How to find the right cluster algorithm?

1
votes

I would like to find the algorithm which circumvent some drawbacks of k-Means:

Given:

x<- c(4,4,5,5,6,7,8,9,9,10,2,3,3,4,5,6,6,7,8,8)
y<- c(2,3,3,4,4,5,5,7,6,8,4,5,6,5,7,8,9,9,9,10)

matrix<-cbind(x,y)# defining matrix
Kmeans<-kmeans(matrix,centers=2) # with 3 centroids

plot(x,y,col=Kmeans$cluster,pch=19,cex=2)
points(Kmeans$centers,col=1:3,pch=3,cex=3,lwd=3)

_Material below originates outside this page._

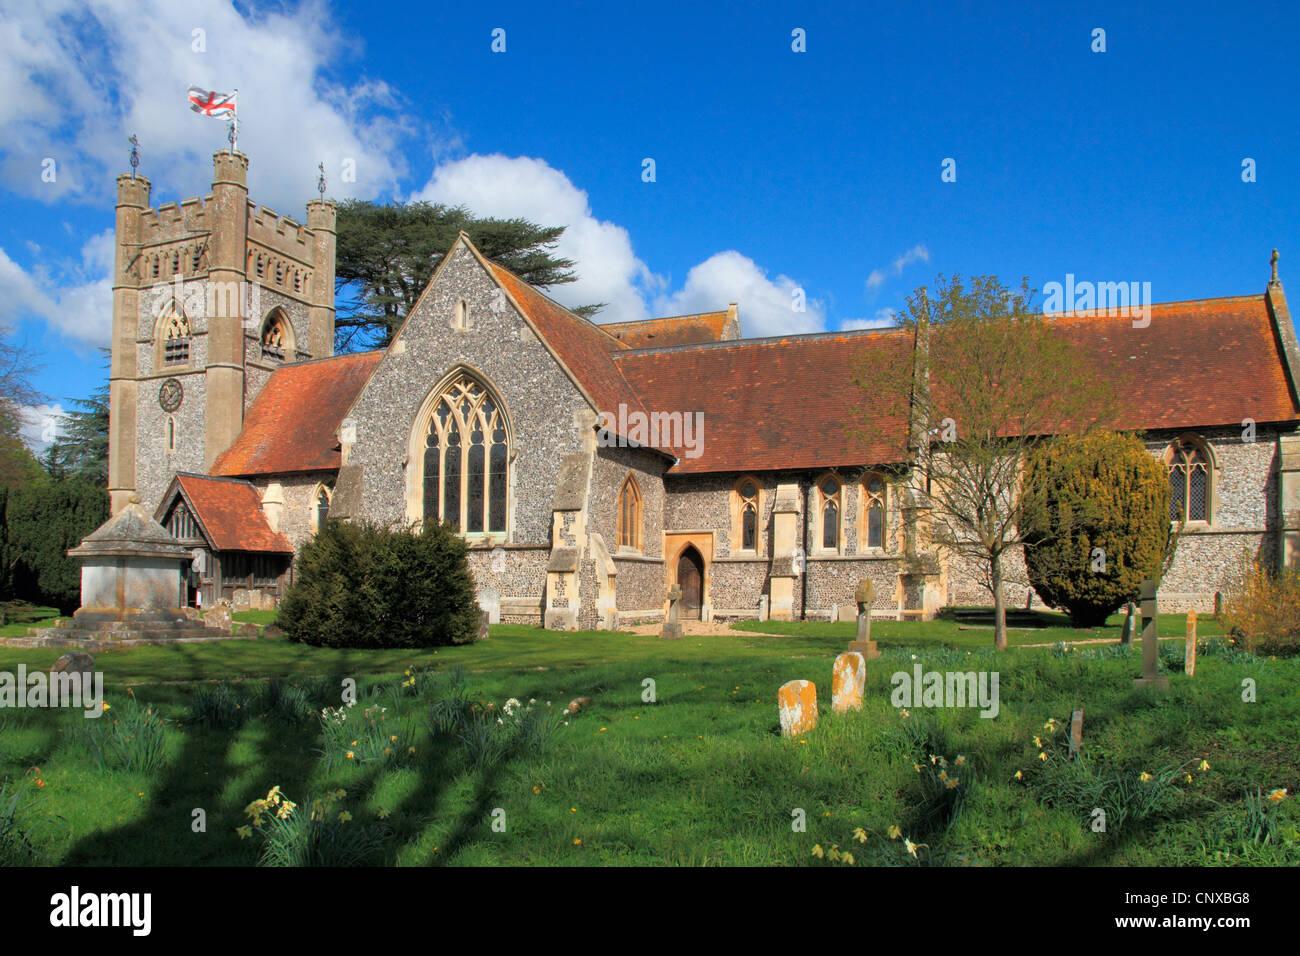 England Buckinghamshire Hambleden church Stock Photo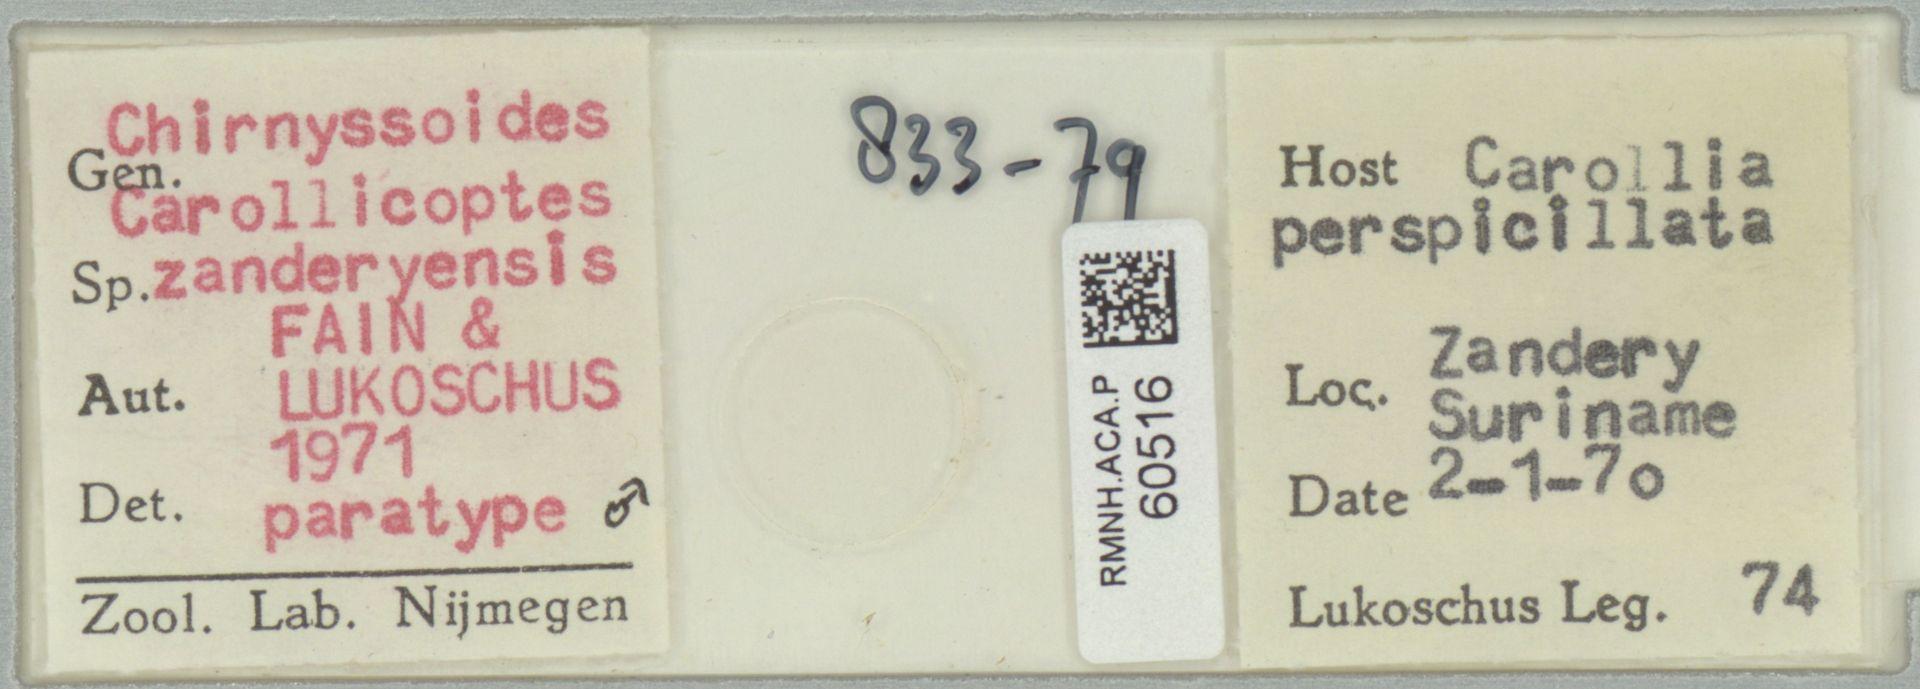 RMNH.ACA.P.60516 | Chirnyssoides (Carollicoptes) zanderyensis Fain & Lukoschus 1971

Here I would like have an algorithm clustering the data into two clusters divided by a diagonal from left corner to right corner.

2
rcluster-analysisk-means
This wouldn't minimize the within-group inerty, will it? Thus I think you're looking for something that is not clustering. Have you thought about fitting two lines? Or try fitting a gaussian mixture? The true question is: why do you think your groups should be like this?iago-lito
hmm, its seems like a natural choice. I mean obviously there is some linearity. However I thought to find a cluster algorithm which might approximate my feeling towards the two clusters.Googme
I think a mixture of Gaussians might work well in this case. The algorithm will automately choose how many clusters you need (here 2) and their correlation structure (here 45°-stretched). I don't know yet the package you'd need, but it shouldn't be too hard to find.iago-lito

2 Answers

1
votes

Try Mclust from the mclust package, it will try to fit a Gaussian mixture on your data. The default behavior:

mc = Mclust(matrix);
points(t(mc$parameters$mean));
plot(mc);

.. will find 4 groups, but you might be able to force it to 2 or to force the correlation structure for the Gaussians to be stretched in the right direction.

Be aware that it'll be hard to interpret and justify the meaning of your groups unless you understand very well the reason why you want them to be 2 etc..

0
votes

What you are asking for can be solved in multiple ways. Here are two:

  1. First way is to simply define the separating line of you clusters. Since you know how your points should be grouped (by a line) you can use that.

If you want your line to start at the origin, then simply check if x > y:

x<- c(4,4,5,5,6,7,8,9,9,10,2,3,3,4,5,6,6,7,8,8)
y<- c(2,3,3,4,4,5,5,7,6,8,4,5,6,5,7,8,9,9,9,10)

thePoints <- cbind(x,y)


as.integer(thePoints[,1] > thePoints[,2])
[1] 1 1 1 1 1 1 1 1 1 1 0 0 0 0 0 0 0 0 0 0

This will put points above the diagonal (starting at 0) in one group, and others - to another group. Keep in mind that if your line may not go through the origin (0) then you have to modify this example a bit.

  1. Kmeans with correlation distance:

The K-means function:

myKmeans <- function(x, centers, distFun, nItter=10) {
    clusterHistory <- vector(nItter, mode="list")
    centerHistory <- vector(nItter, mode="list")

    for(i in 1:nItter) {
        distsToCenters <- distFun(x, centers)
        clusters <- apply(distsToCenters, 1, which.min)
        centers <- apply(x, 2, tapply, clusters, mean)
        # Saving history
        clusterHistory[[i]] <- clusters
        centerHistory[[i]] <- centers
    }

    list(clusters=clusterHistory, centers=centerHistory)
}

And correlation distance:

myCor <- function(points1, points2) {
    return(1 - ((cor(t(points1), t(points2))+1)/2))
}

theResult <- myKmeans(mat, centers, myCor, 10)

As was also displayed HERE

Here how both solution would look like:

plot(points, col=as.integer(points[,1] > points[,2])+1, main="Using a line", xlab="x", ylab="y")
plot(points, col=theResult$clusters[[10]], main="K-means with correlation clustering", xlab="x", ylab="y")
points(theResult$centers[[10]], col=1:2, cex=3, pch=19)

linevskmeans

So it's more about what kind of distance measure you are using and not about some kind of deficiency of K-means.

You can also find better implementations of K-means with correlation distance for R instead of using the one I provided here.